Work item :: What you output must be the exact lines from the first line of the data through the one holding "comfort-hotel-atlantic-muenchen-sued-ge208-breakfast-room.JPG", with no pictures.

Data section ::
*** Begin section ***

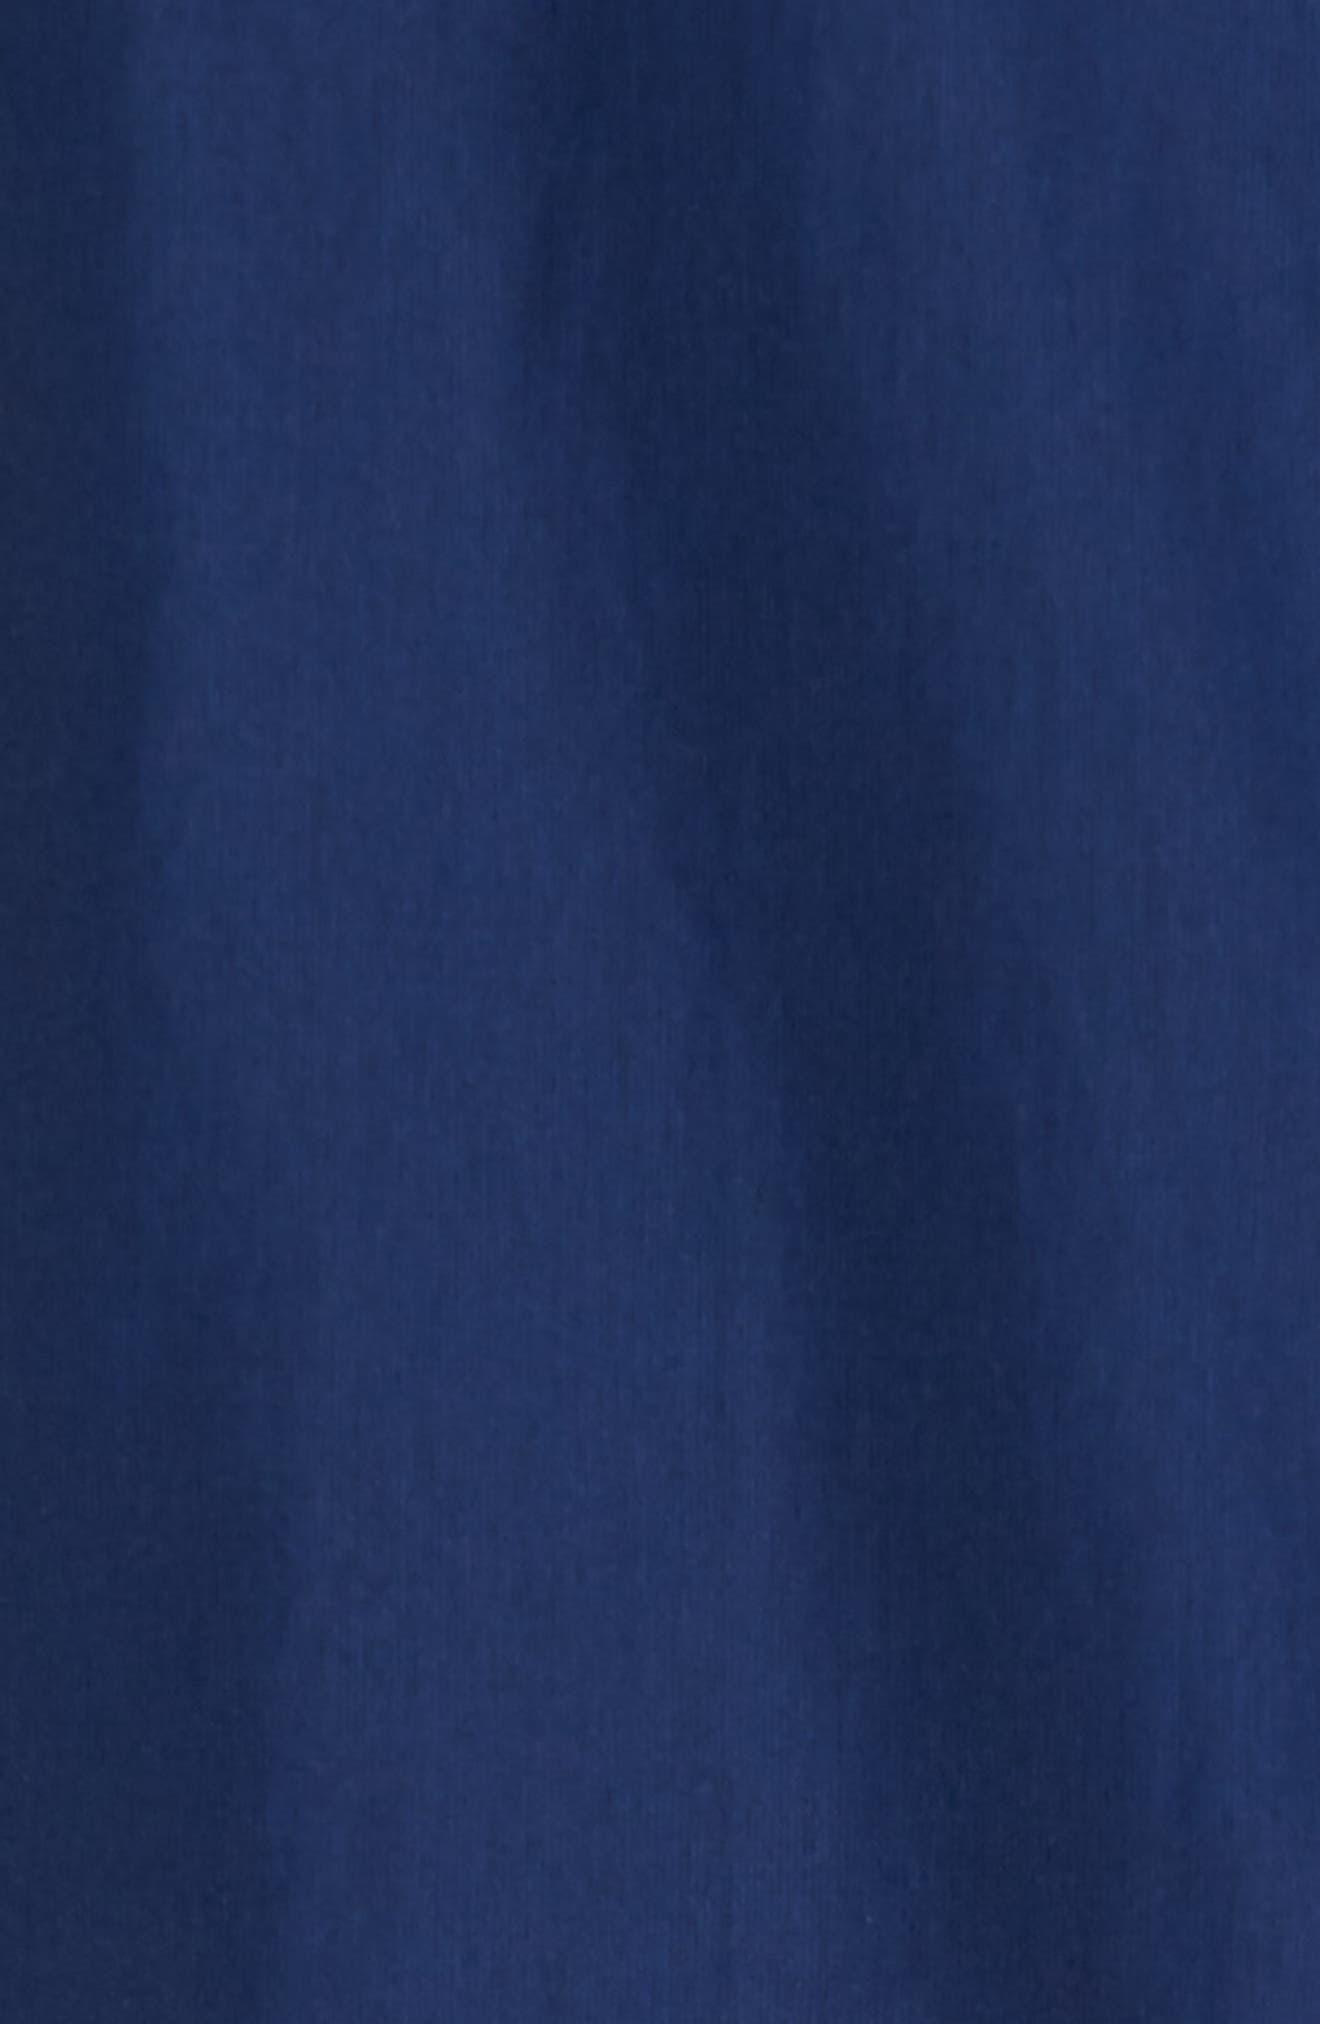 Austin Cotton Blend Raincoat,                             Alternate thumbnail 5, color,
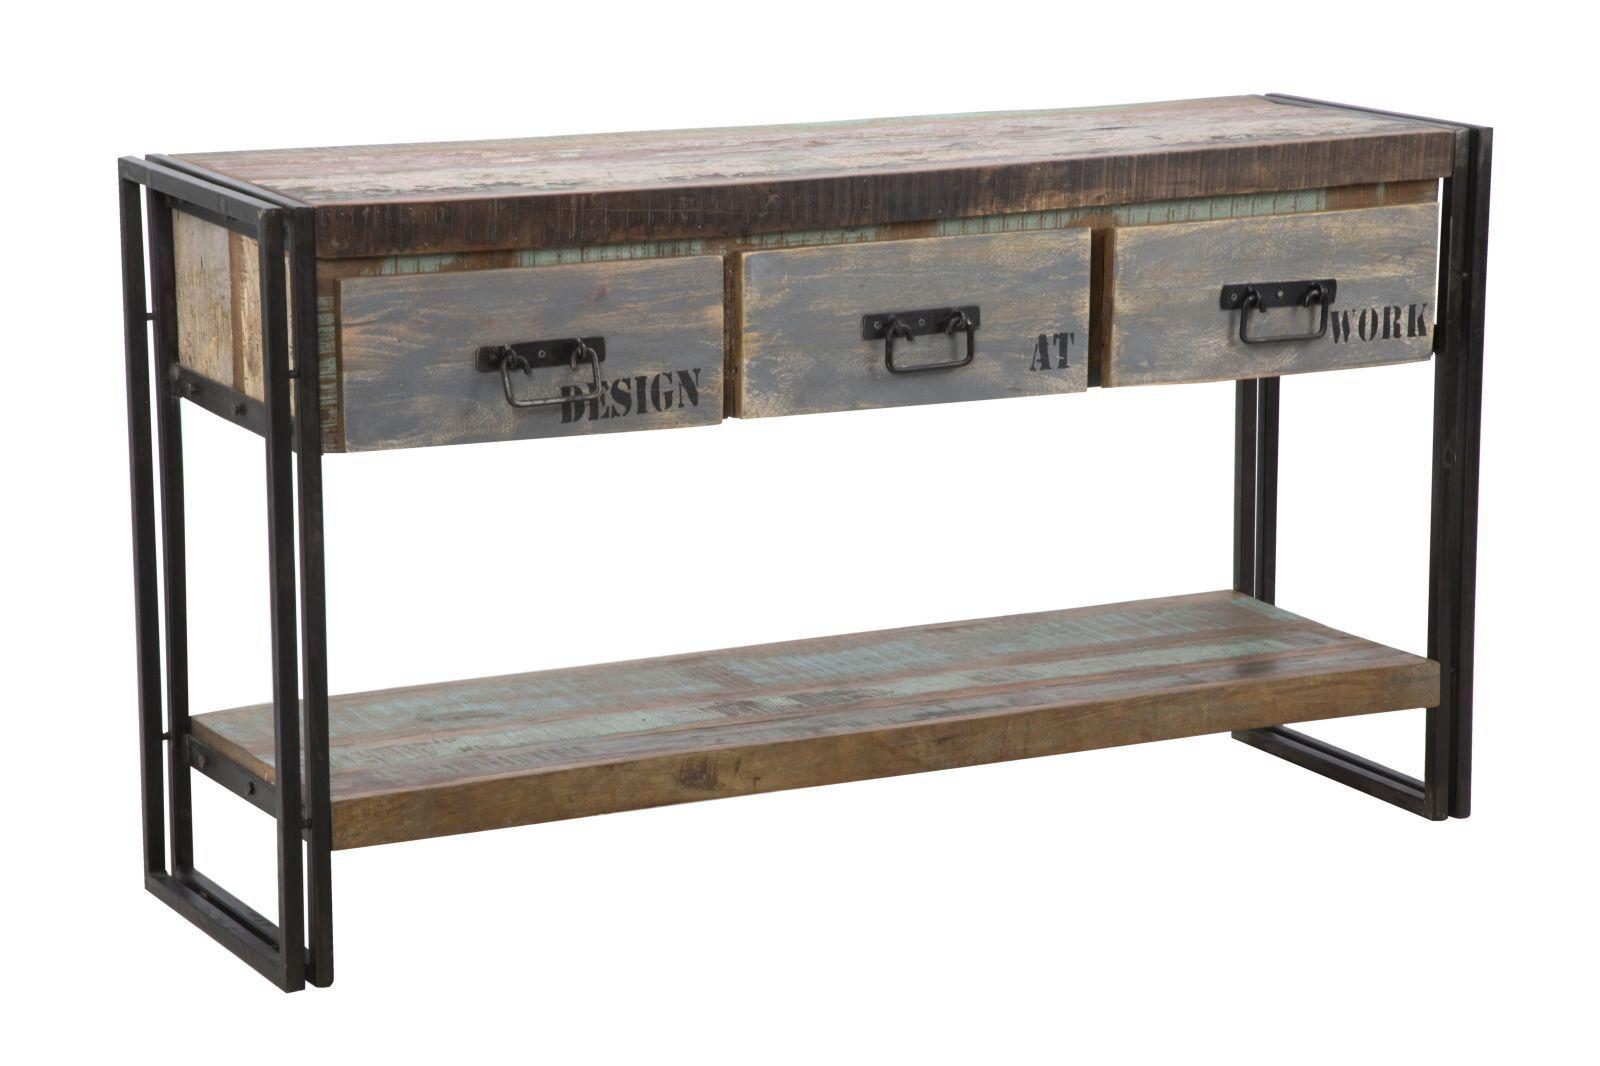 Arredamento Legno Riciclato : Mauroferrettisrl 1416040000 console caribbean cm 140x40x76 legno
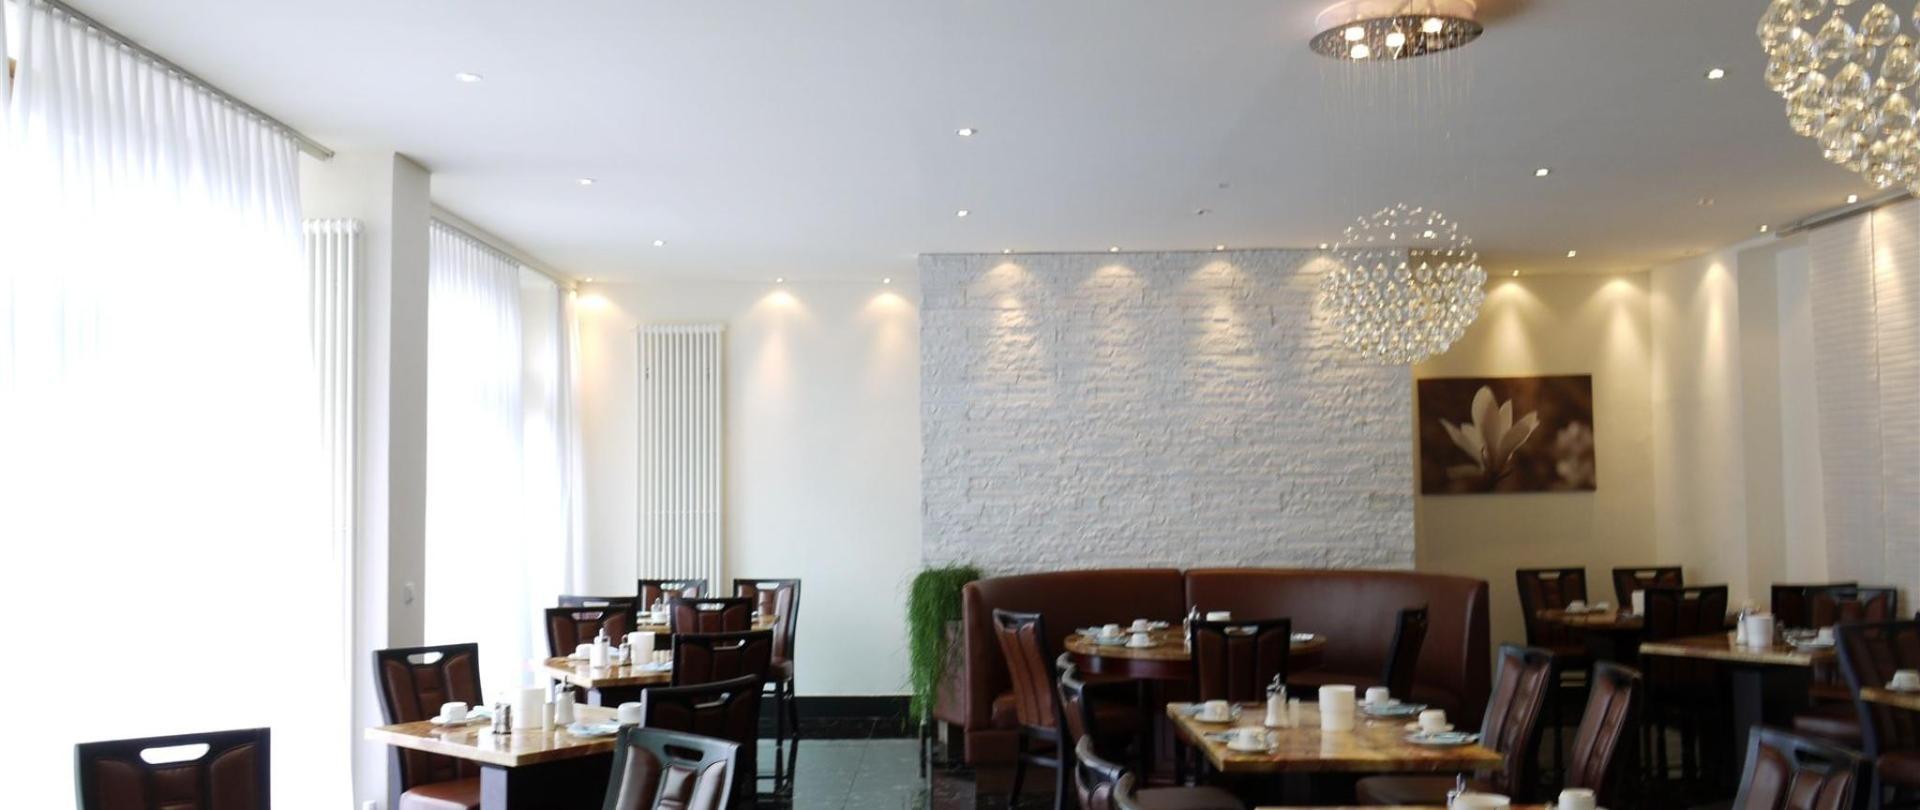 comfort-hotel-atlantic-muenchen-sued-ge208-breakfast-room.JPG
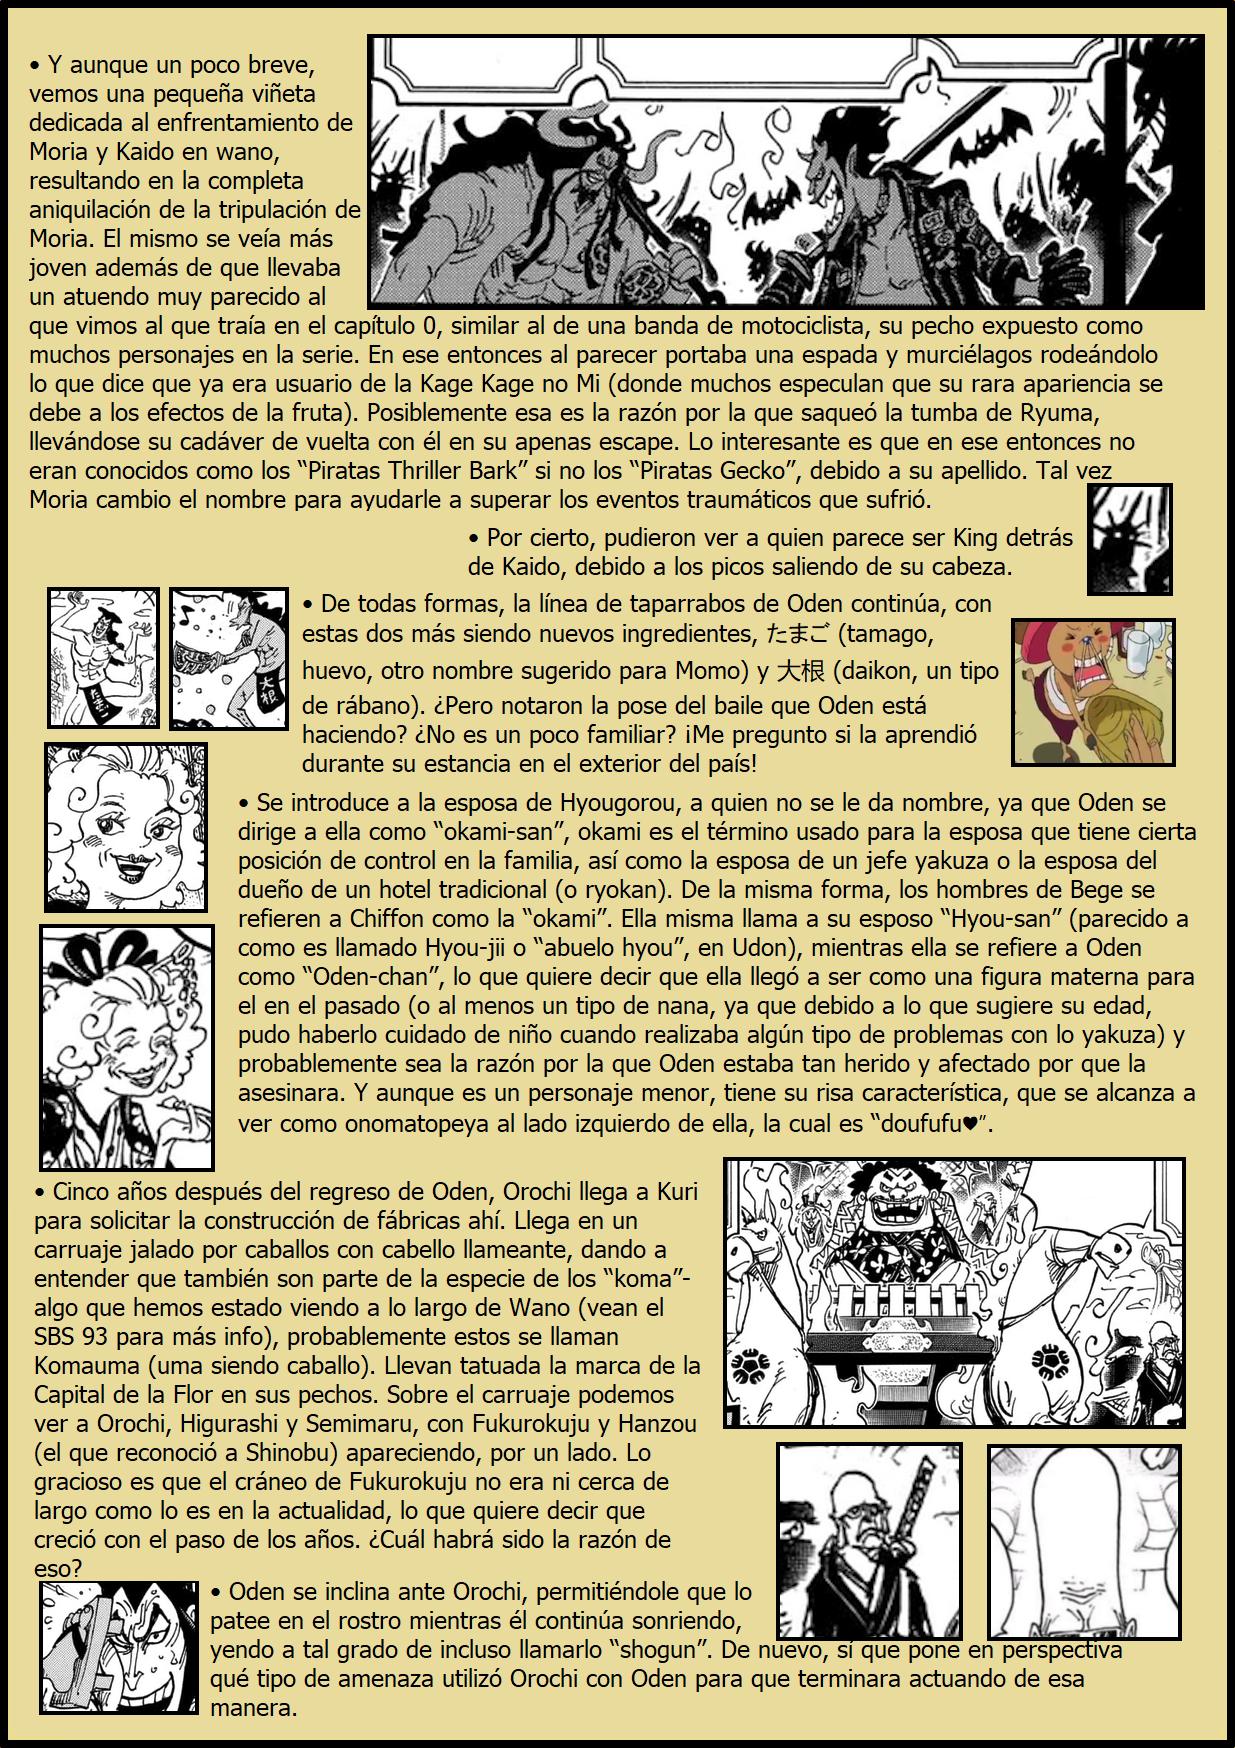 Secretos & Curiosidades - One Piece Manga 969 08

*** End section ***

Task answer ::
 Austin Cotton Blend Raincoat,                             Alternate thumbnail 5, color,
 Arredamento Legno Riciclato : Mauroferrettisrl 1416040000 console caribbean cm 140x40x76 legno
 comfort-hotel-atlantic-muenchen-sued-ge208-breakfast-room.JPG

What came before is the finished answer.